"Polymorphism is nice as well, although I can't grok (yet) why this is necessarily not part of non-OO things. I'm not clear that it goes with the strong binding of state and method in a class."

Polymorphism isn't necessarily part of OO. Python actually has polymorphic functions outside of class definitions.

Further, Python offers an interface called "callable", which makes an object equivalent to a function, giving you stateful function-like things with hysteresis (or other odd not-very-function-like properties). [It isn't really an interface, it's a special method name, but that's just syntax.]

The Java distinctions between class and method can be teased apart in the Python world. This causes me to think that the crispness of some of these Java-world OO definitions -- while laudable -- isn't essential to good programming.

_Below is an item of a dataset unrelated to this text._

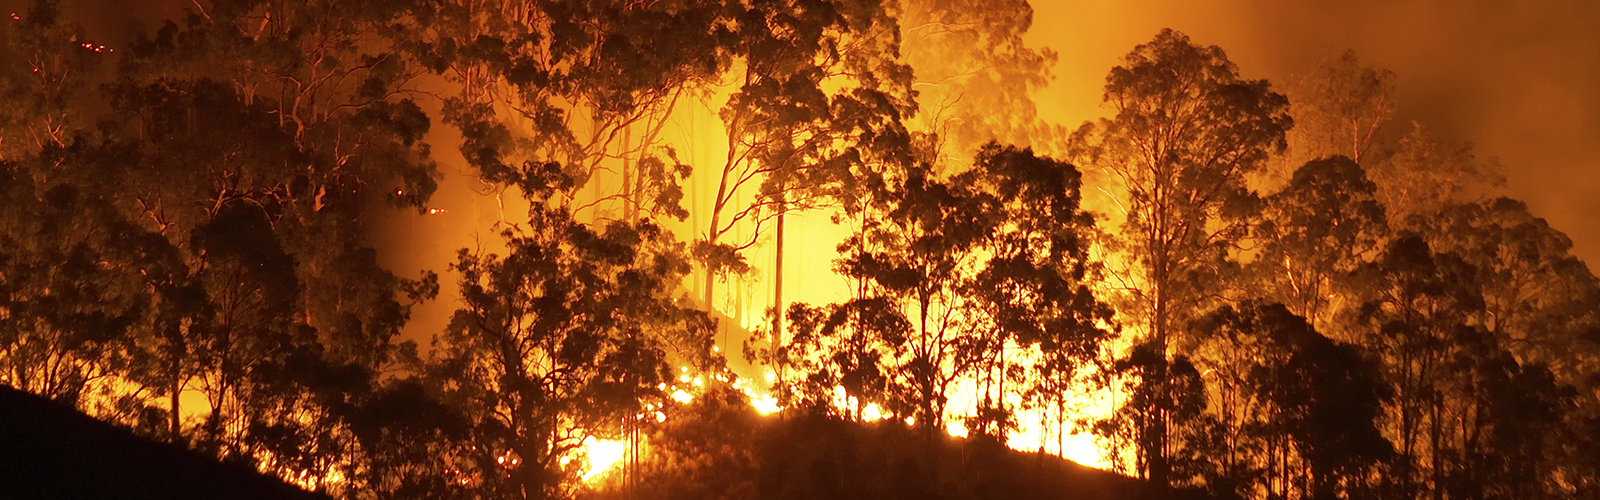 bc_bushfires_0 Online Form Builder Australia on

AND. Smalltalk (like Python) was free of type declarations. Originally, OO seems to have been type-less. Big, complex, subtle and profound simulations were built in Smalltalk (and some related earlier OO languages like Simula) and LOOPS (Lisp with Objects) without benefit of formal type-checking.

What does this mean?

C++ introduced strong typing and Java perpetuated that. C++ suffers from the bizarre mish-mash of types with class names, but no actual class objects. Without a root "object" declaration, C++ collection classes require the very complex template mechanism. Why is this better than C? I don't know. C++ adds inheritance and encapsulation to C, but the strong typing also adds templates. A net loss, IMO.

Java introduced class objects and good memory management to C++; it recast everything to stem from object, making the collection classes almost as simple as Smalltalk. To banish multiple inheritance, it introduced interfaces (approximately a wash between what was lost and what is gained).

But the recent hot tickets (Perl, PHP, Ruby and Python) don't have formal type declarations. I'll set aside Perl and PHP. Perl's OO material is ungainly and doesn't seem to be widely used. PHP has OO machinery. It looks very nice, but it, too, seems to be largely ignored in favor of the excellent HTML templating engine.

Ruby and Python are OO to the very core of the virtual machine, giving them more complete polymorphism. Also, lacking type declarations, you are freed from the complexity of the subtle interface declarations required to pile not-very-similar things into a useable collection class. You can just bunch all kinds of things into a polymorphic Python collection as long as they have the right method signatures, all other considerations be damned.

The Real Benefits of Java.

I think it isn't objects -- per se -- that are the appeal of OO programming. I think it is many things, exemplified by Python. (Why Python? you ask. Because Python predates Java.) I think the currency of Java, Python and Ruby comes from a 1-2 punch of coolnesses.

1. Powerful tools that make compiling, linking and executing a breeze. Ada tools in the 80's struggled to do the simplest compilation dependency checking -- there were elaborate provisions for libraries and library lookups and reconciliations and junk that Java does for free without even asking. Python embeds the compiler and the JVM into a single entity, making the whole "compile" thing seamless, silent, odorless and grease-free.

2. A rational approach to programming in the large. Java has packages, (files), classes and methods. Python has packages, modules/files, classes and methods. Python packages are more than just a path to a file. C just had files, you were on your own for any other structure you wanted to impose. C++, similarly, is largely just files, it takes craft and skill to manage the complexity.

I think these two reinforce each other as part of a feedback loop. I think the modern, hot-ticket languages all provide insanely powerful tools and highly structured programming.

The tougher question is "what is next?"

The answer, I think, is "more of the same". I think that Java's lack of effective DRY mentality is a problem. There is too much extra information floating around in JavaDoc's that repeat parts of the code and XML files that repeat parts of the Java.

The hard problems (defining the problem, defining data structures that solve the problem, defining functions to manage the data structures that solve the problem) won't go away. However, more powerful tools make it easier to explore same with lower costs and risks.

Hence my investment in learning Django. I think this kind of thing (not this specific thing) is the reason why Ruby on Rails is welcomed by many web developers as packaging all the standard best practices in one place.